After 26 months of shifting groups and fights for dominance, the friendliest monkeys were found to have stronger immune responses while the most hostile and aggressive monkeys had the poorest.

Dr. Cohen's results were reported in the journal Psychological Science.

If friendly intimacy protects the immune system from stress, consider what a fight does. «How couples handle their disagreements seems to affect their im­mune system», said Dr. Kiecolt-Glaser. She has been studying couples with her husband, Dr. Ronald Glaser, an immunologist and associate director for research at Ohio State University Medical School.

In their study, 90 couples were brought into a laboratory and asked to resolve an issue of disagreement. Continuous blood monitoring for 24 hours allowed their immune responses to be measured during and after the discussion.

«We found a far stronger effect on the couples' immune system than we ever expected», said Dr.Kiecolt-Glaser. «The more hostile you are during a marital argument, the harder it is on your immune system».

It is not, of course, the sheer number of relationships in a person's life that seem to offer a buffer against stress so much as the quality of those connections.

For example, a study of college students found that the more roommates dis­liked each other, the more often they came down with colds and the flu and vis­ited a physician.



«It's the most important relationships in your life, the people you see day in and day out, that seem to be crucial for health», said Dr. John Cacioppo, a psy­chologist at Ohio State University who did the roommate study with Mary Snydersmith, a graduate student.

But not all relationships are of equal significance. «If you have a romantic partner, we found, how you're getting along with your partner matters far more for your health than does how you like your roommate», Dr.
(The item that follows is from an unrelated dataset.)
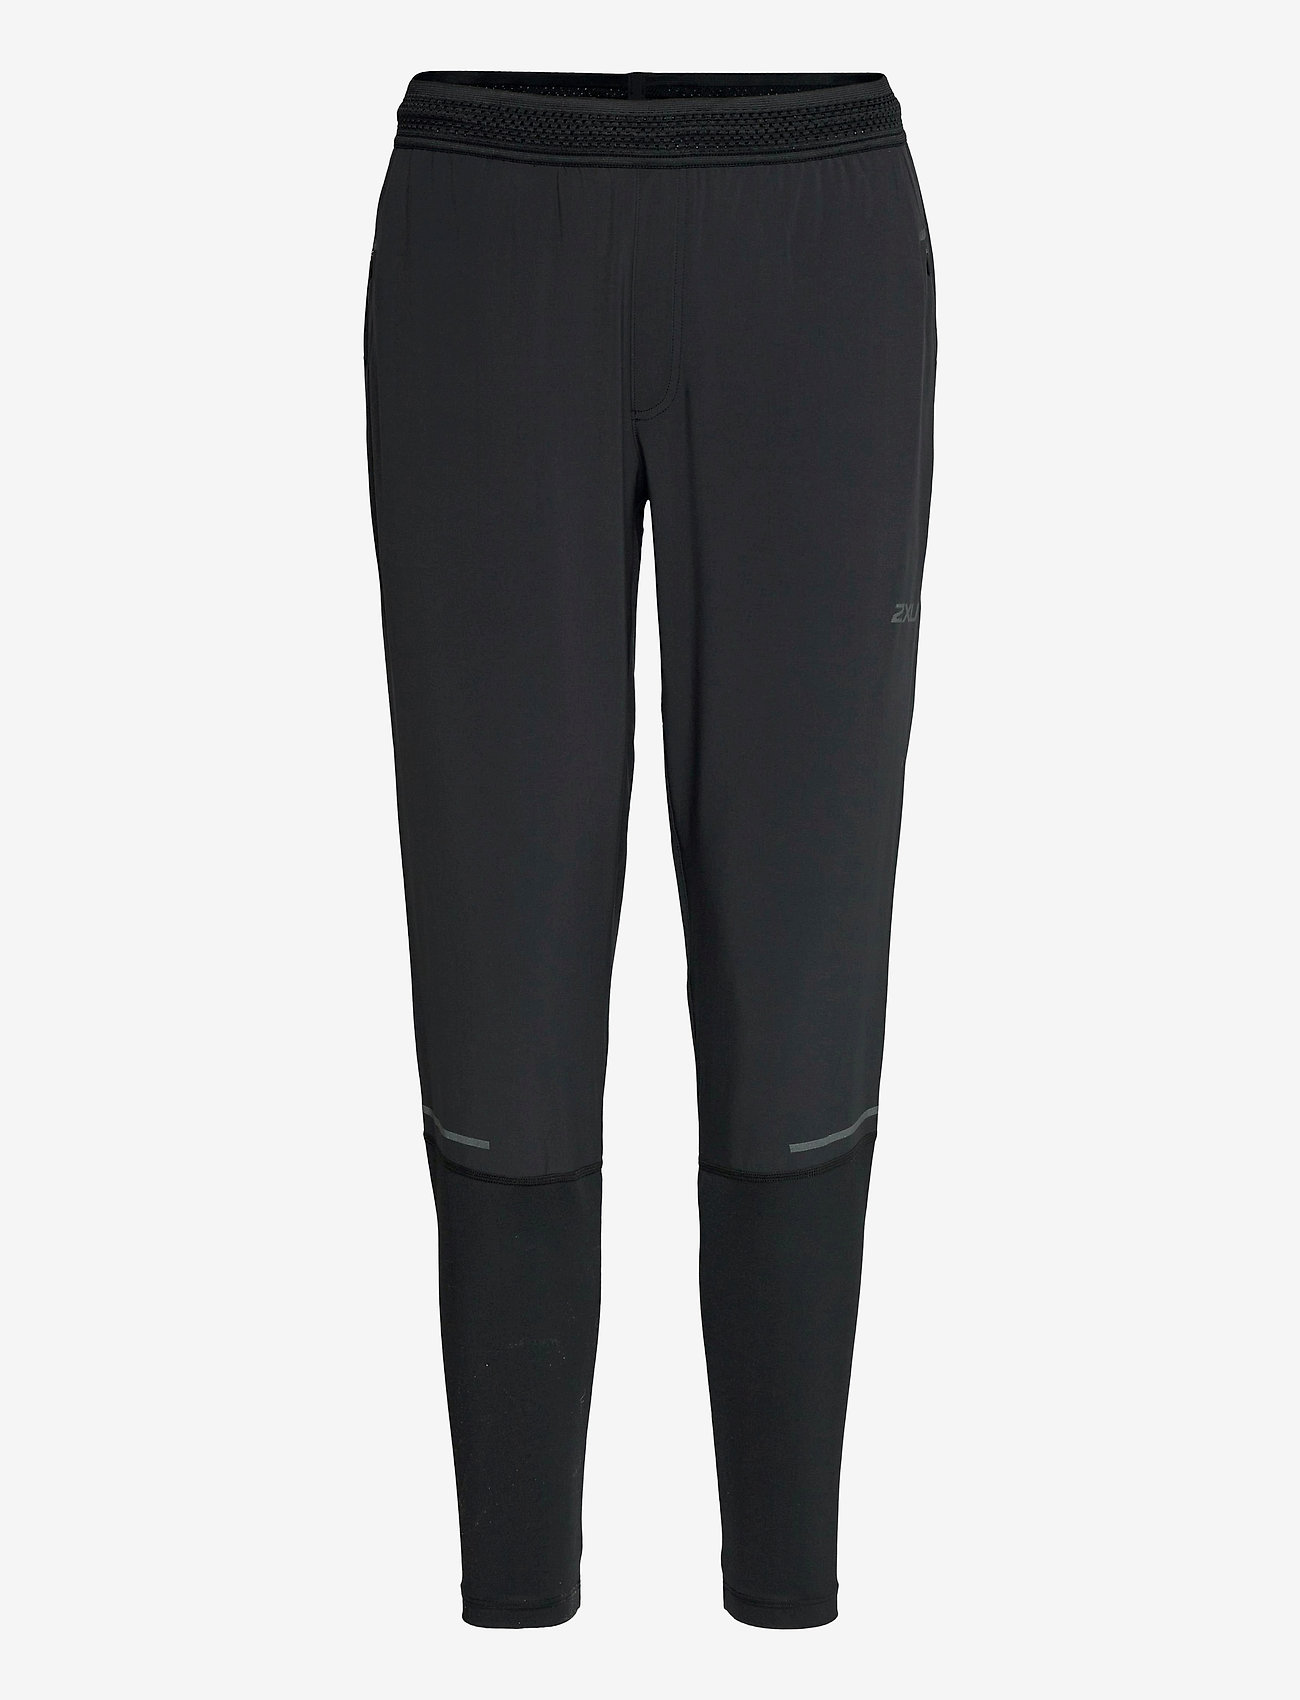 2XU - LIGHT SPEED JOGGER - sportbroeken - black/ black reflective - 0

Cacioppo said.

In a study of 194 elderly men and women who had suffered heart attacks, those who had two or more sources of emotional support were found to be twice as likely to survive longer than a year after the attack than those with no support, according to a report in The Annals of Internal Medicine.

 


The study, led by Dr.Lisa Berkman, an epidemiologist at Yale University Medical School, found that of the patients who said they had two or more people they could count on, only 27 percent died within the first year of the heart attack. But of the patients who reported no such close supports, 58 percent died within the year.